Information for Year 2 ITU Training (advanced):

Year 2 ITU curriculum Physiology:

• Drugs affecting cerebrovascular resistance/dilation- α-adrenergic drugs have little effect.

Investigations:

• SSEVP & BAEVP: Indications and prognostic significance. • EMG and bulbar EMG: Indications and interpretation • Cerebral blood flow – angiography, SPECT scans, jugular venous saturations.

Indications, limitations and complications.

Curriculum Notes for Year 2: Physiology Drugs affecting cerebrovascular resistance/dilation - α-adrenergic drugs have little effect.

ITU drugs Inhalational Agents Anaesthetic agents reduce neuronal function and so depress metabolic demands. This mechanism reduces CBF. On the other hand volatile anaesthetic agents cause direct cerebral vasodilatation. The overall effect therefore is a rise in CBF. The consequence is an increase in arterial volume and increase in brain volume and therefore ICP rises. Two other physiological mechanisms may influence ICP when using volatile agents. Firstly the normal autoregulatory mechanism is gradually abolished as the concentration of the volatile agent is increased, CBF becoming blood pressure dependent. Thus as blood pressure rises, CBF increases and cerebral vasodilation occurs. In contrast when blood pressure falls, there is no mechanism to sustain flow by reducing cerebrovascular resistance (fig 2).

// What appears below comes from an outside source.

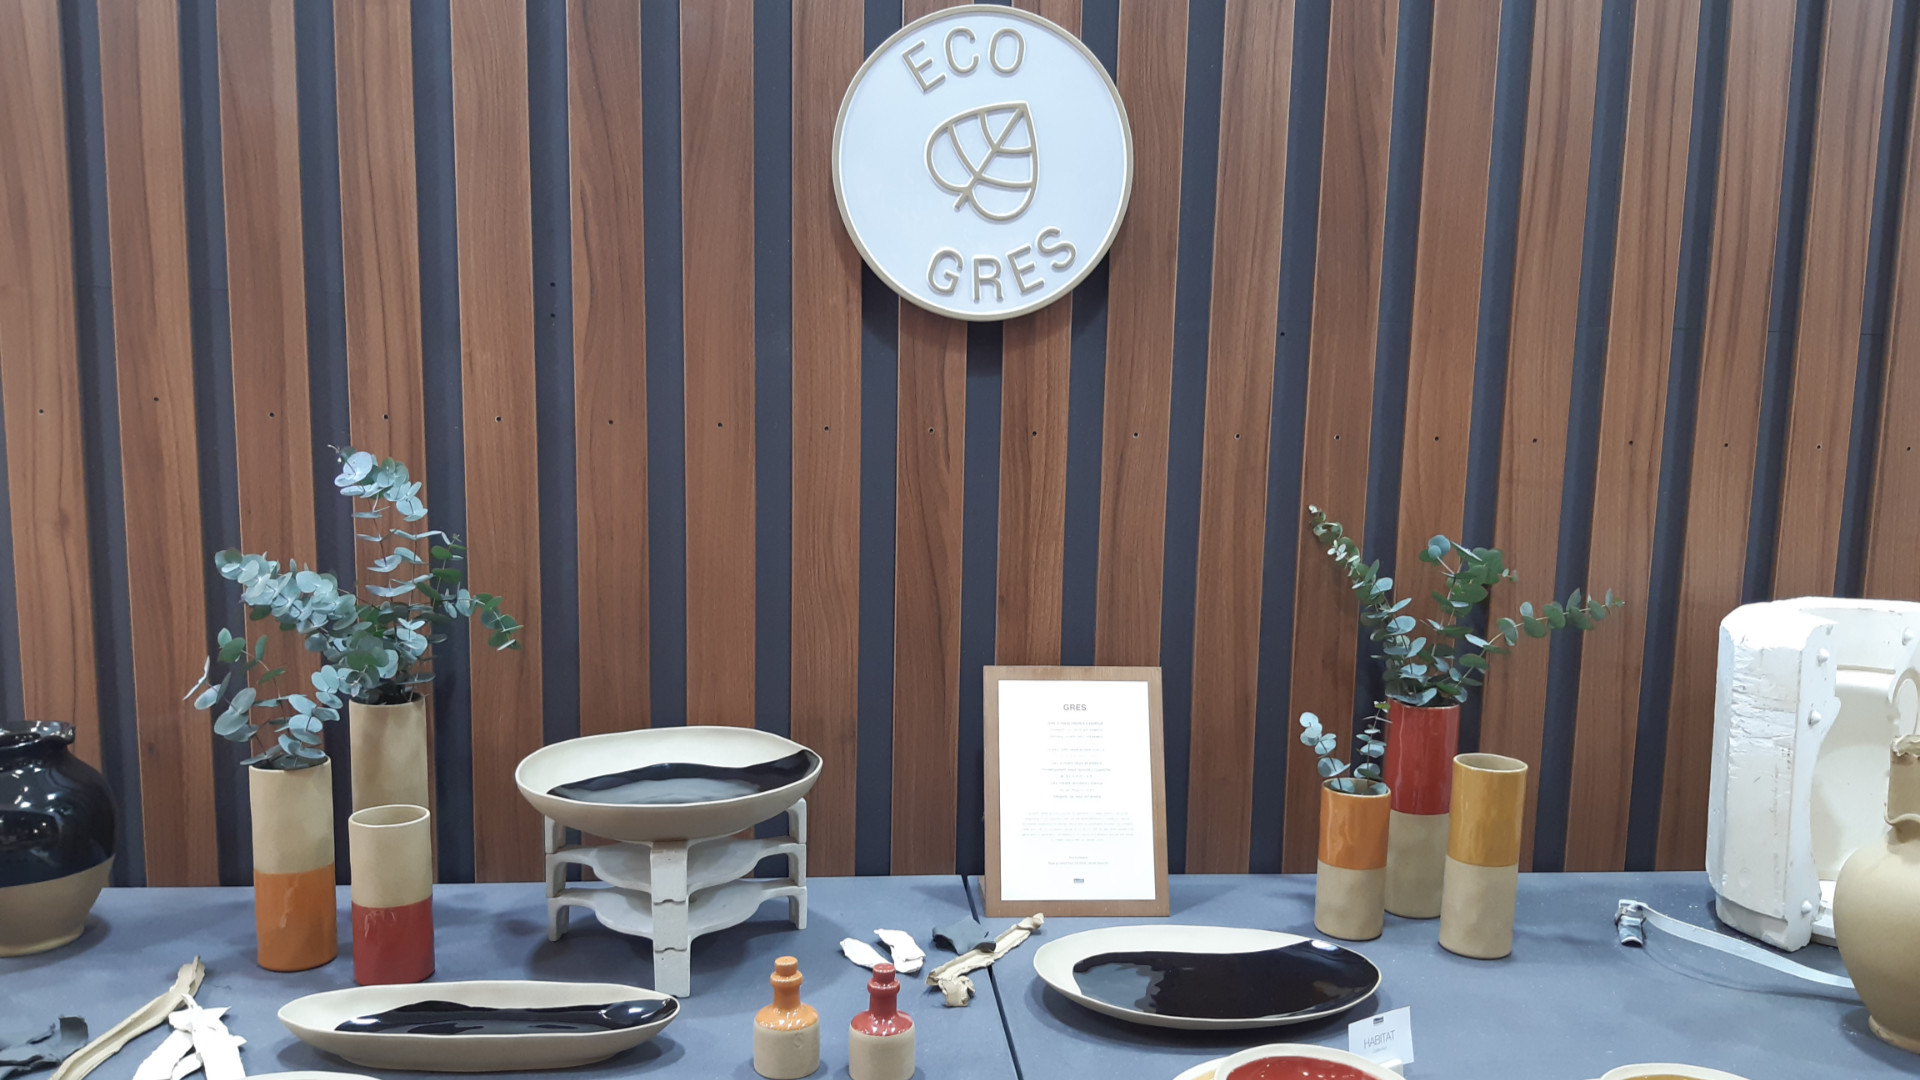 Alle Kollektionen mit dem Ecogres®-Garantiesiegel von Grestel werden aus recycelten Materialien gefertigt.  Foto: Beate Schraml

Effect of a progressively increased dose of a volatile anaesthetic agent on CBF autoregulation.


Secondly the volatile agents also affect the CO2-CBF relationship, the curve being shifted to the left. Hypocapnia is still able to reduce cerebral blood flow and therefore to oppose the vasodilation. However if CO2 is allowed to rise, there is a much more rapid increase in CBF (fig 3).

Effects of anaesthetic agents on the CBF-CO2 response curve. Curves indicate the effects of carbon dioxide (CO2) and volatile agents. The slope of the thin line indicates that CBF-CO2 sensitivity is increased with agents, which increase CBF, such as volatile agents.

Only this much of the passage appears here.